What you have to do
Given the records below, the lines starting at the line with "[New Files!] The" and ending at the line with "The Private Papers Of Douglas Haig 1914-1919" should be output exactly, both end lines kept and pictures left out.

Dataset records
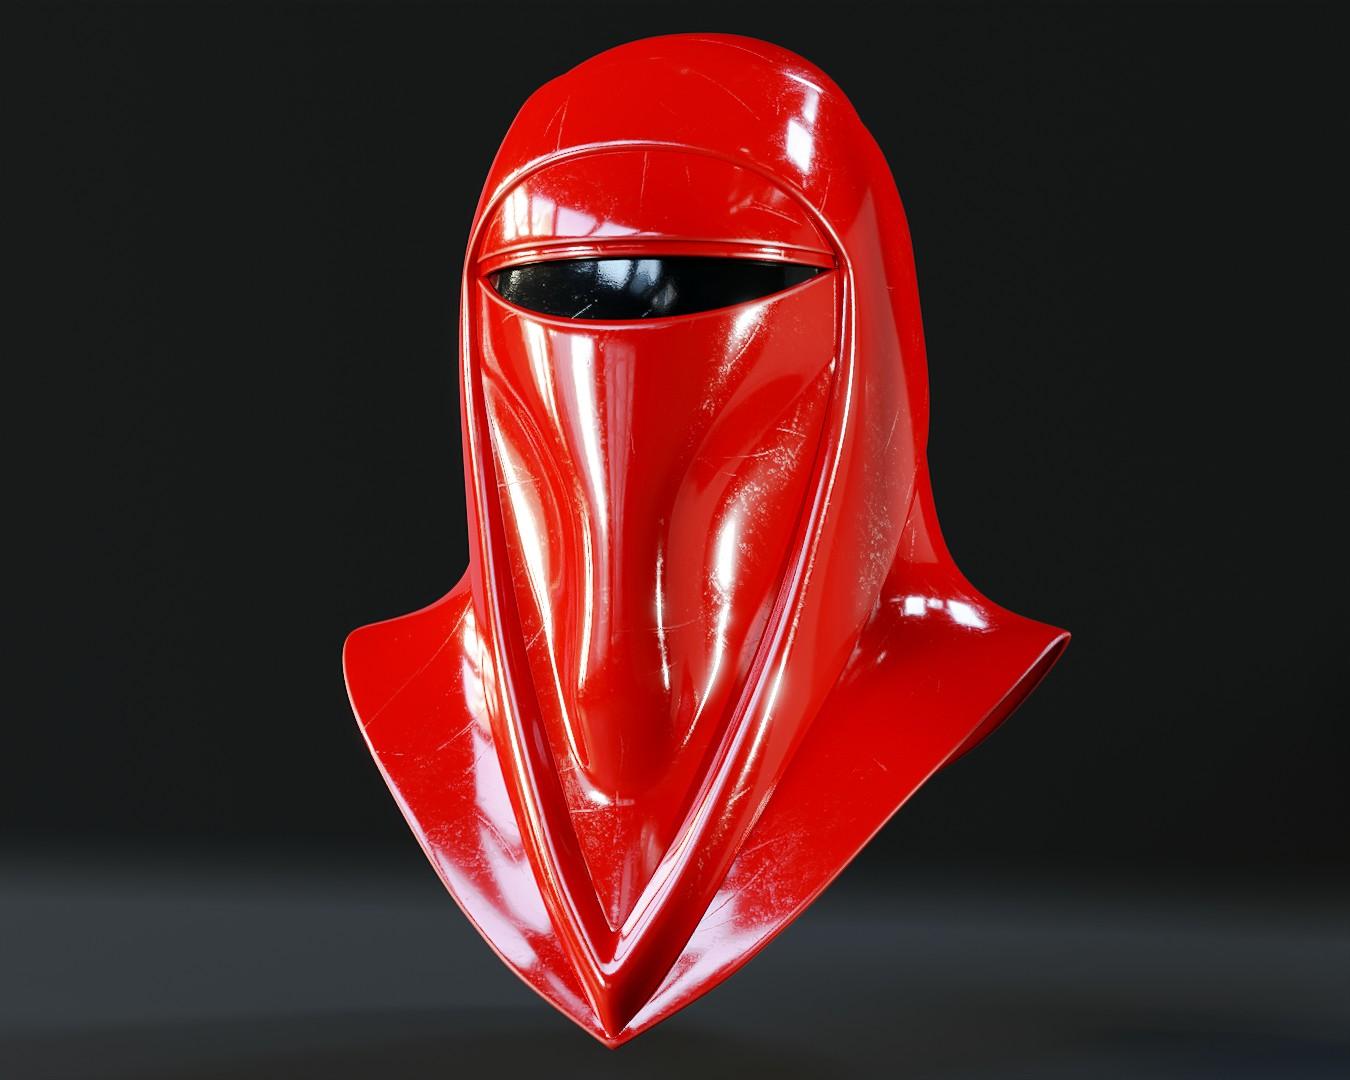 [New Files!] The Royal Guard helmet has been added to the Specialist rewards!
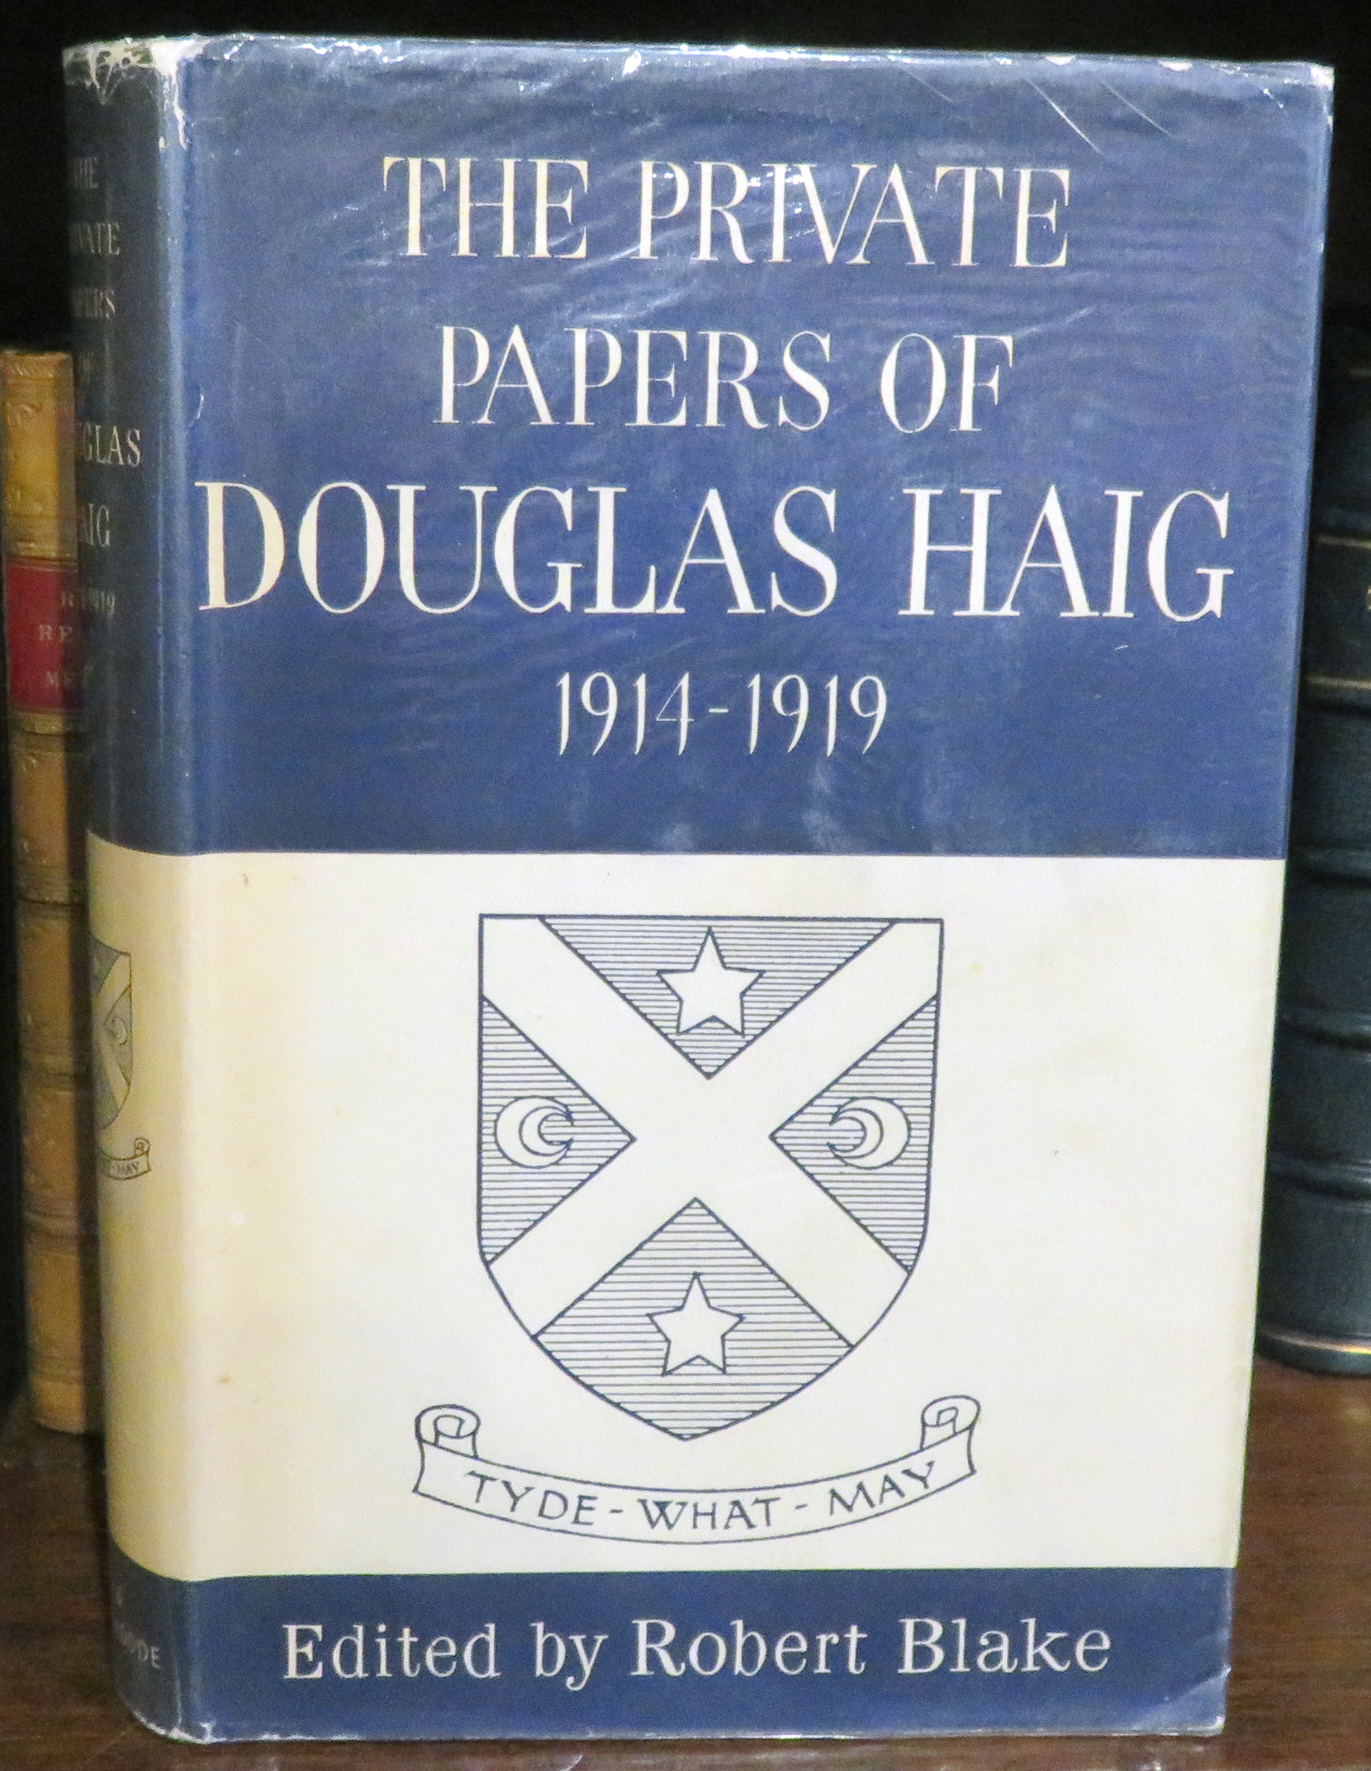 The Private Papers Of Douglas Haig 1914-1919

...

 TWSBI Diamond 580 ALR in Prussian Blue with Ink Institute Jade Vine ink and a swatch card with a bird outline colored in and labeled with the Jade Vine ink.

--

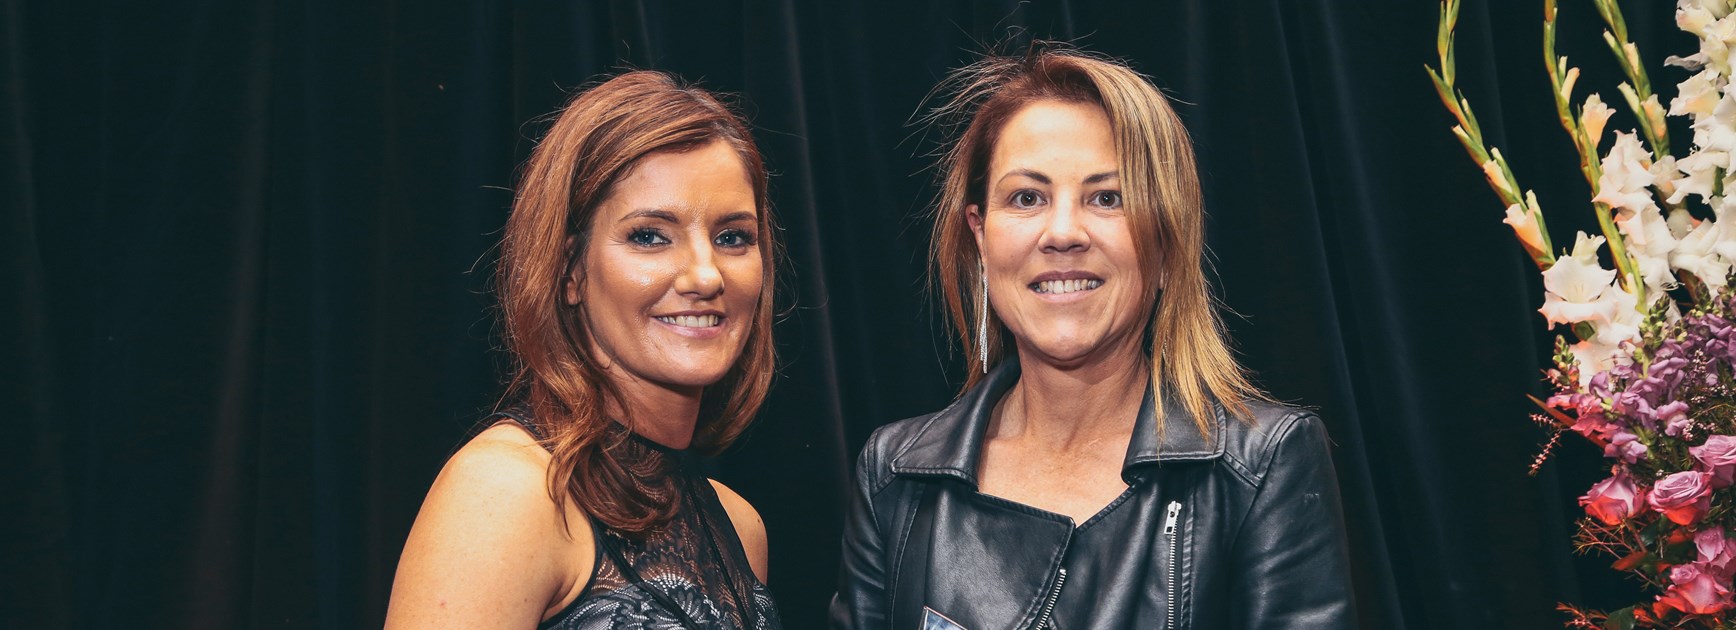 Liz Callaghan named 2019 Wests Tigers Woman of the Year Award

Response box
 [New Files!] The Royal Guard helmet has been added to the Specialist rewards!
 The Private Papers Of Douglas Haig 1914-1919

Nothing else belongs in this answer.